Ruminations

Blog dedicated primarily to randomly selected news items; comments reflecting personal perceptions

Wednesday, January 30, 2008

Weather Report, Wind Warning

The weather forecast warns of a flash-freeze. We've already received a bounty of nature's winter-fierce offerings. Overnight freezing rain as the temperature rose from yesterday's high of -7-degrees C. Followed by rain, then ice pellets, and finally snow. Reports are coming in from all over the province, of hazardous driving conditions, fog and white-outs; treacherously icy highways. City buses late, or taken off their routes.

Local police forces and the Ontario Provincial Police plead with motorists to stay off the roads, if they can. School bus routes cancelled in rural areas. Municipal snow ploughs taken off the roads; too dangerous even for them. A series of fierce winter storms, wreaking havoc from the West coast to Canada's East. Giving Vancouver an unaccustomed snowbath, and Prince Edward Island a true winter headache with 95% residential power outage.

Wind whooshes through the tree tops, whirling them about, the trunks bowing in courtly response. Fir boughs turn themselves upward in response to the wind's obstreperous prompting, as though pleading for gentler treatment. The flat needles' undersides bright blue-green, against the darker green of their flip sides.

The huge old double-spired pine at the fork of the ravine trails, situated at the very bottom of the first long descent has a decided lean away from the creek behind it, toward the trail in front of it. Where we are wont to descend and ascend.

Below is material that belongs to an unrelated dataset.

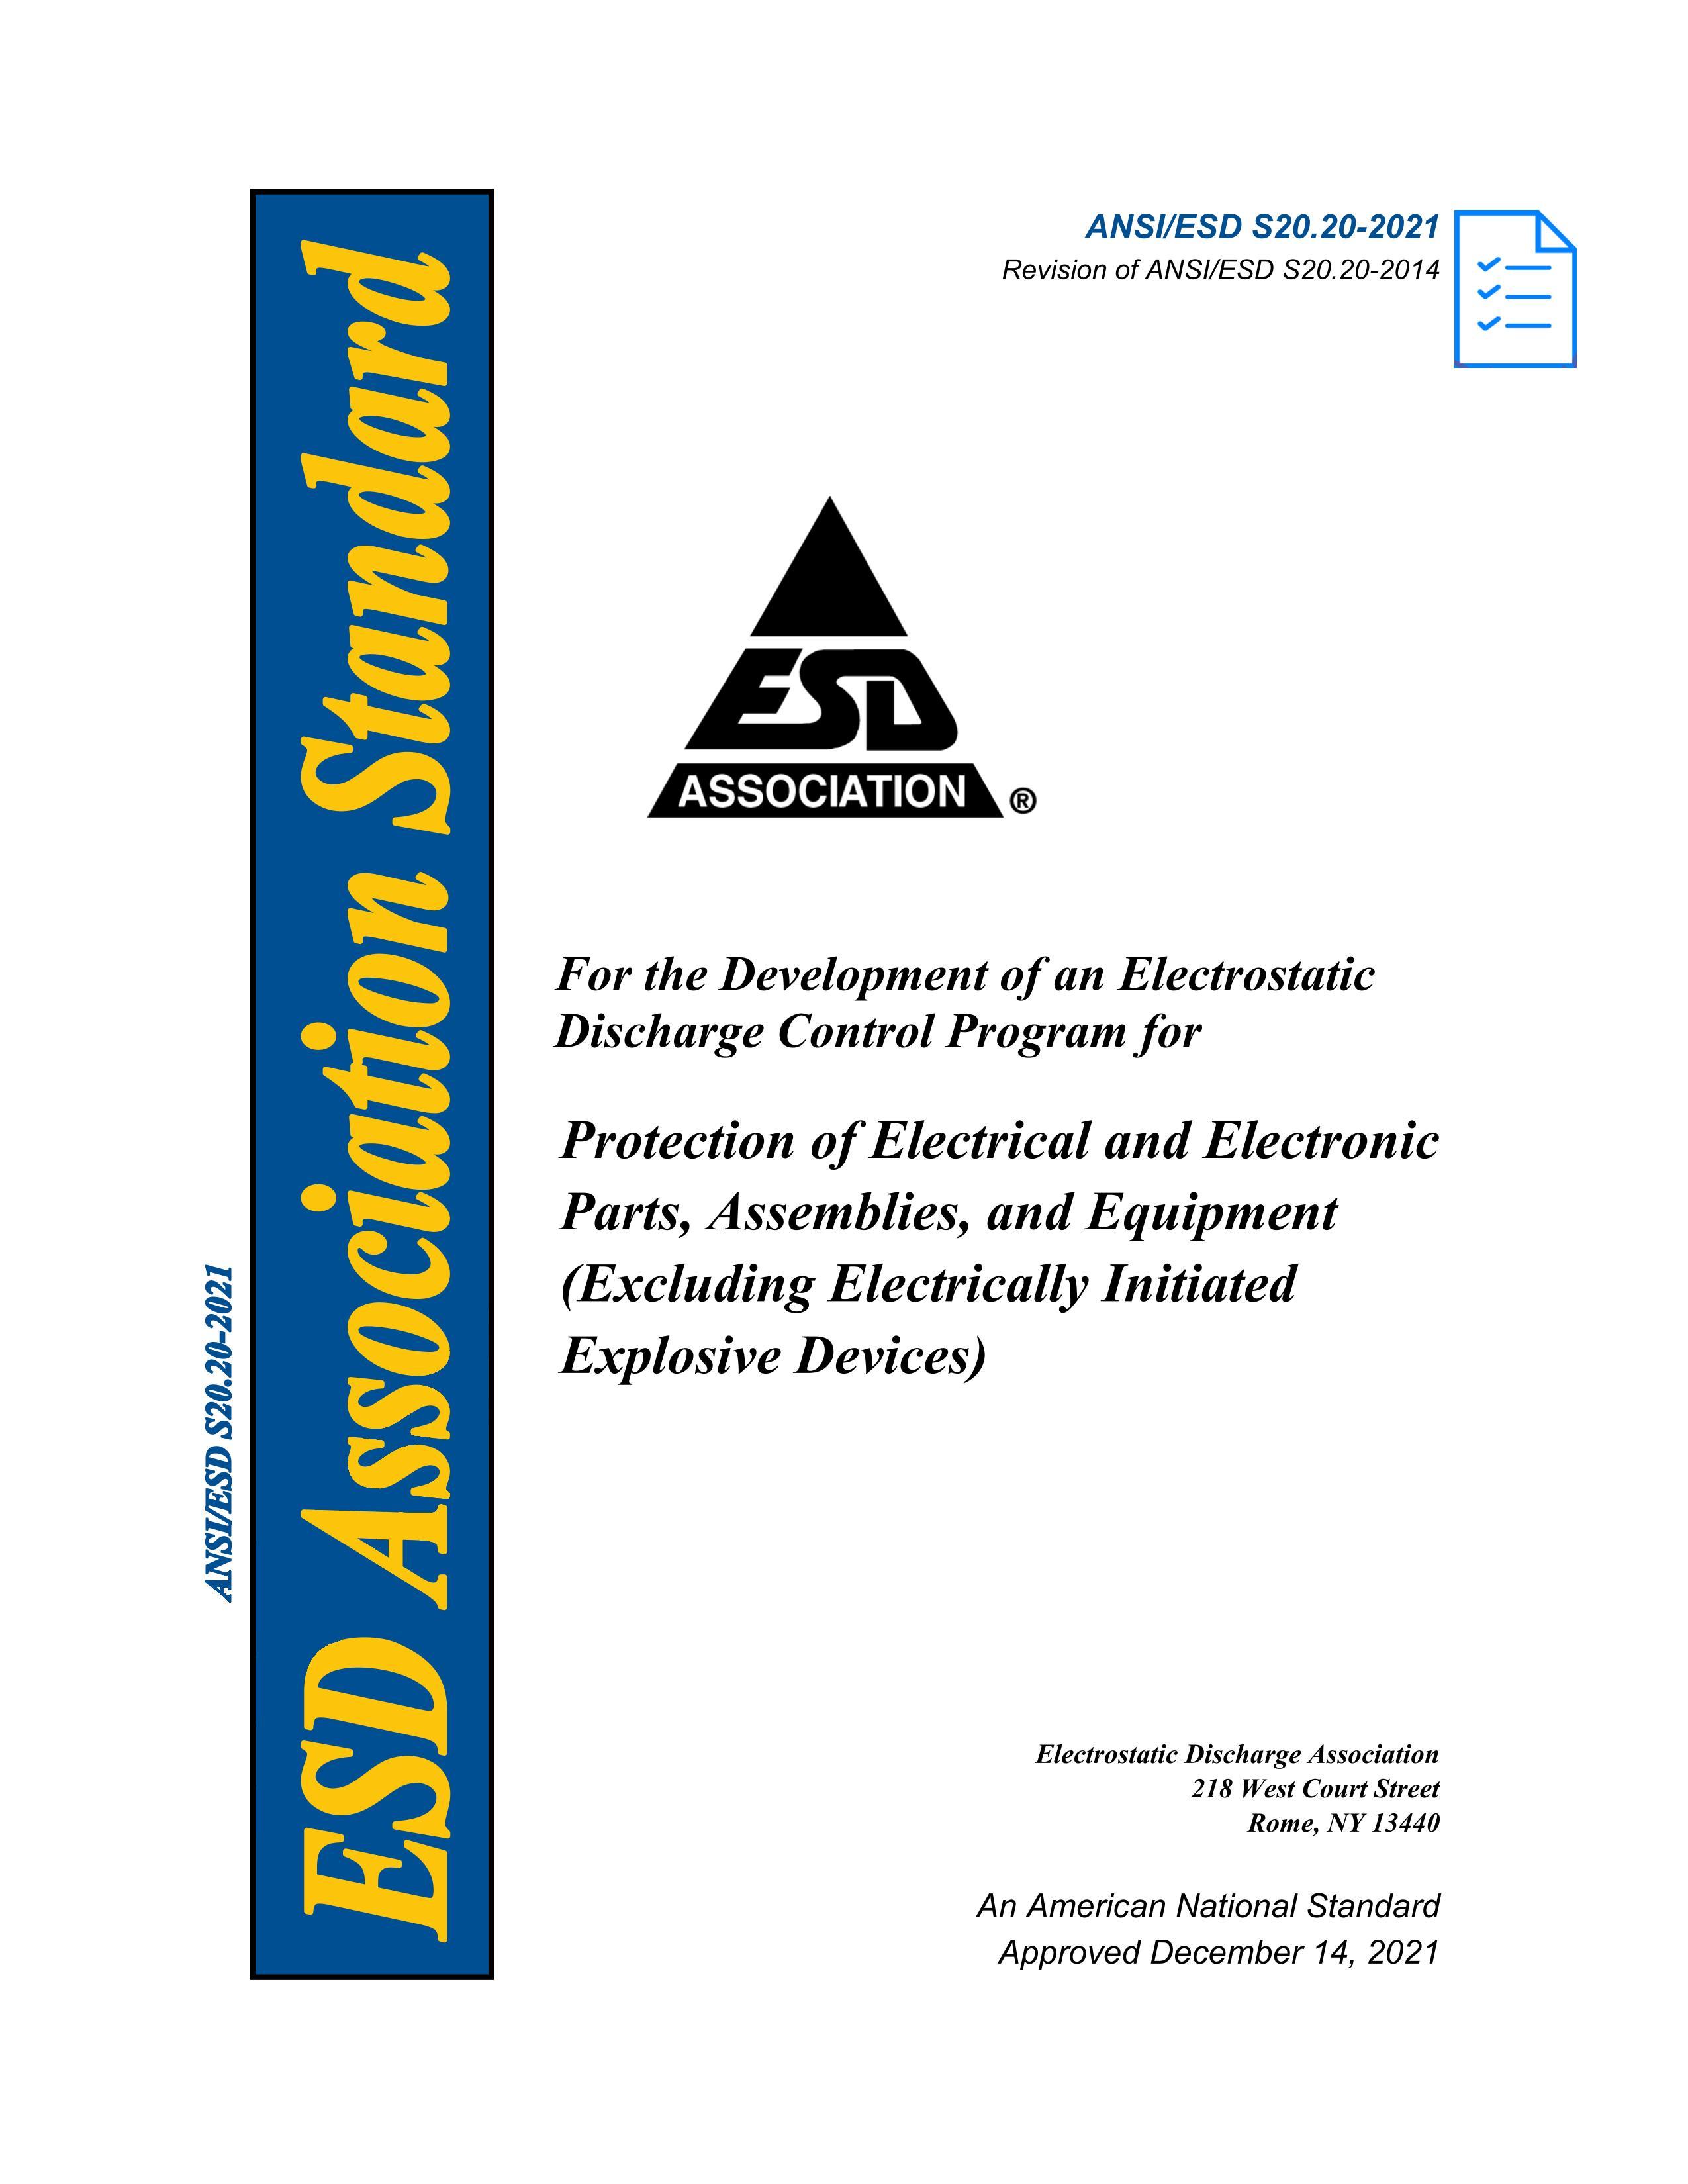 ANSI-ESD-S20.20-2021 Protection of Electrical and Electronic Parts, Assemblies and Equipment (Excluding Electrically Initiated Explosive Devices).pdf1ҳ

The pine is a grand old tree, in fairly good shape, but its lower trunk at ground level, rising to roughly 6 feet on one side is bereft of bark, and appears hollow.

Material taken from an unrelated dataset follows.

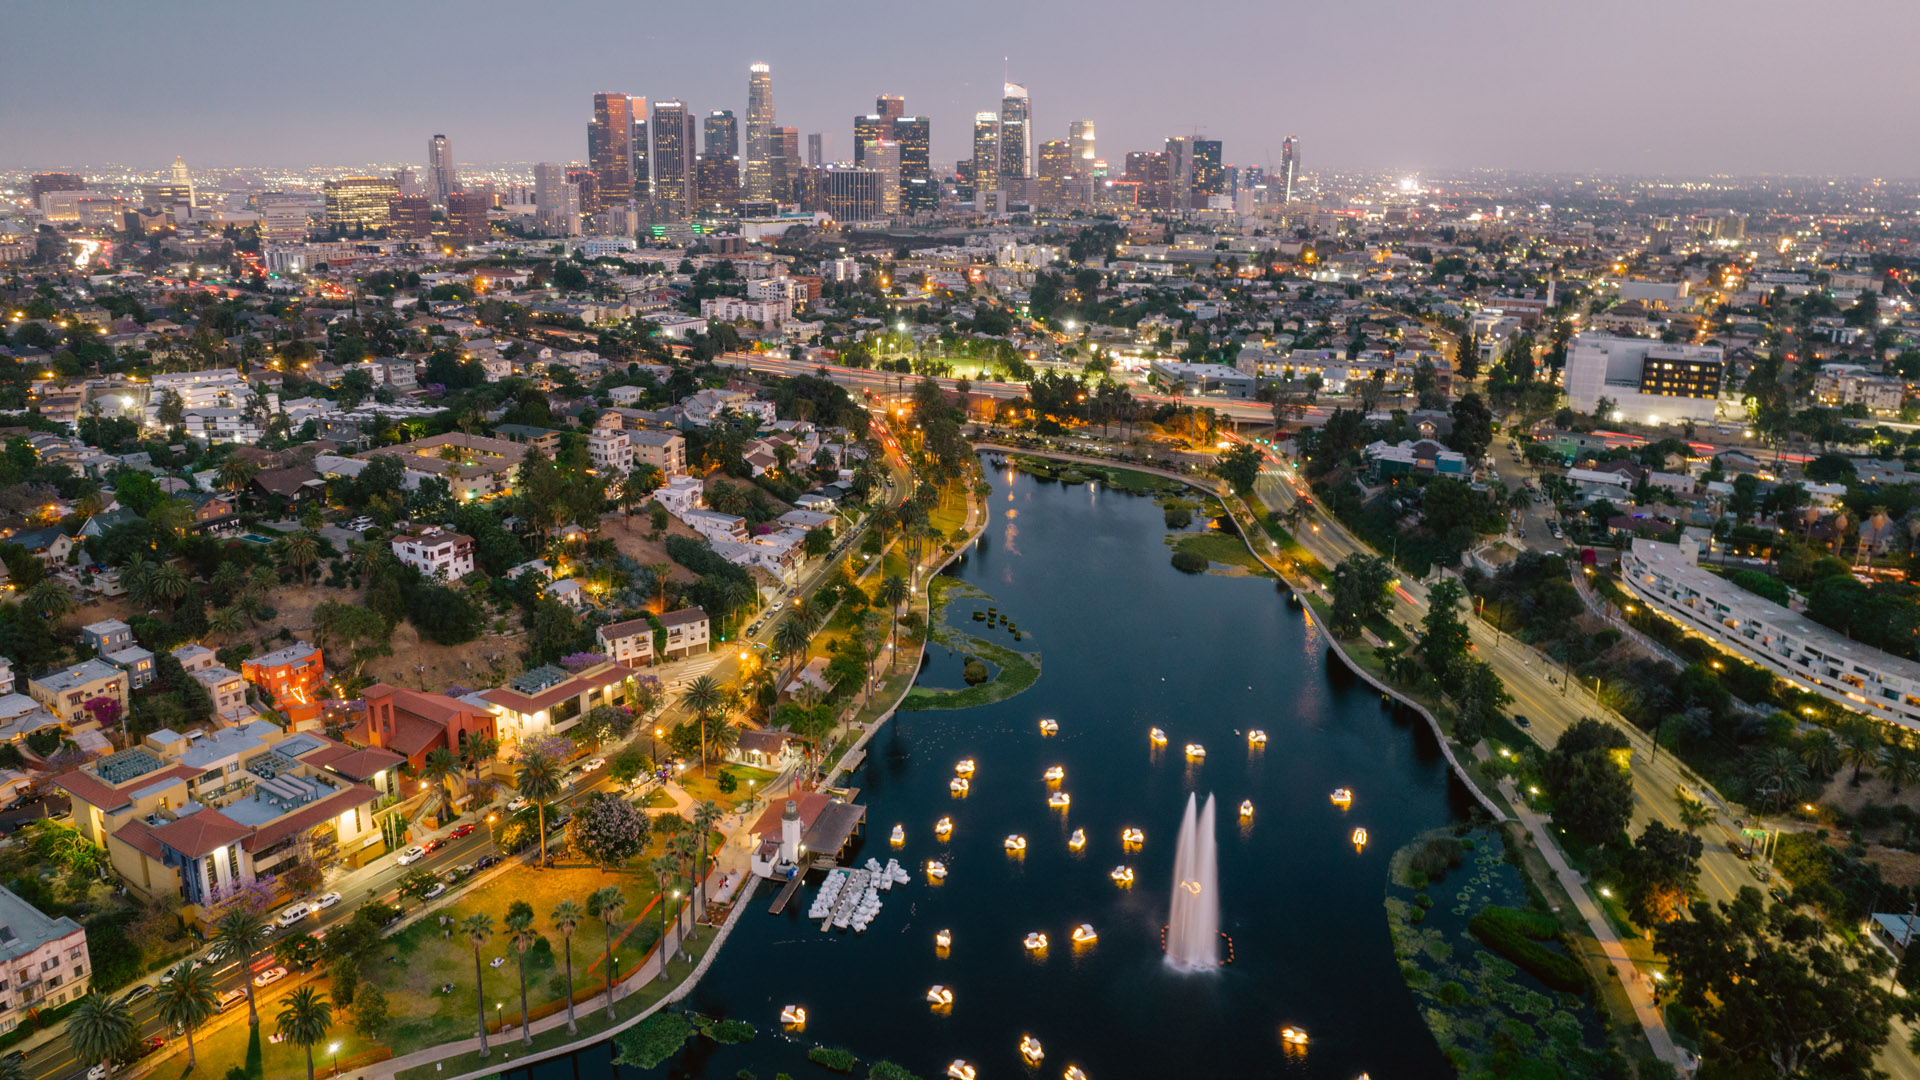 Los Angeles skyline from Echo Park Lake

There have been countless emergency road closures on provincial highways, adversely affecting access for hydro crews attempting to restore lost power to various rural areas. Power outages in these temperatures and weather conditions hamper life in the most miserable way for tens of thousands of people whose energy source has been impaired. No heat, no light, no water. The hydro authority warns that some residents may have to wait several days for resumption of power.

Ferociously gusting winds shriek above us as stubborn fall leaves still clinging to a stand of immature ironwood are loosed and whip across the trail. Earlier, standing beside our sliding doors looking onto the deck, I watched as an almost-transparent leaf appeared suddenly, thrust through the lattice. And, as though it was a desperate, sentient thing, found a place of refuge for itself, nestling between the deck floor boards and a bank of icy snow.

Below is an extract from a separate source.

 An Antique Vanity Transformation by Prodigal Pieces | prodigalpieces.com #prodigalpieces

Wind chugs energetically about us in fierce gasps of frenzied gusts. I'm unable to stop my eyes from weeping, and dab at them continuously as we proceed along the snow-mounded, frozen and well-trodden trail, just lightly covered with the remnants of the last flurries. Earlier, the rain had already loosed and melted the snow accumulated on boughs and branches.

We peruse our close landscape, identifying the corpses of trees ready to keel over at the wind's insistence. The presence of these decade-old snags of various heights and volume - mostly birch which had suffered most egregiously from the '98 Ice Storm - makes for a wary ramble. They've been well punctured by woodpeckers, colonized by various types of lichen and fungi; sad remnants of once-beautiful tree specimens.

Tree trunks, like those of some ironwood, pin cherry, hawthorn and spruce are host to rich colonies of dark green moss. Alongside circular, brighter-green disks of lichen. A huge old poplar looks quite odd, its trunk glazed a grey-blue colour. A trick of the ambient light darkened by heavy overhead clouds - or, perhaps, remnants of the freezing rain that had slathered it overnight....?

The sky bustles, busy with dark grey-to-pewter clouds. Yet, on occasion the wind-harried clouds part company sufficiently to allow a glimpse of brightness above and beyond. Escaping sun rays even manage, fleetingly, to cast their brightness on the snowy terrain, bringing all the bumps and hollows into eerie relief.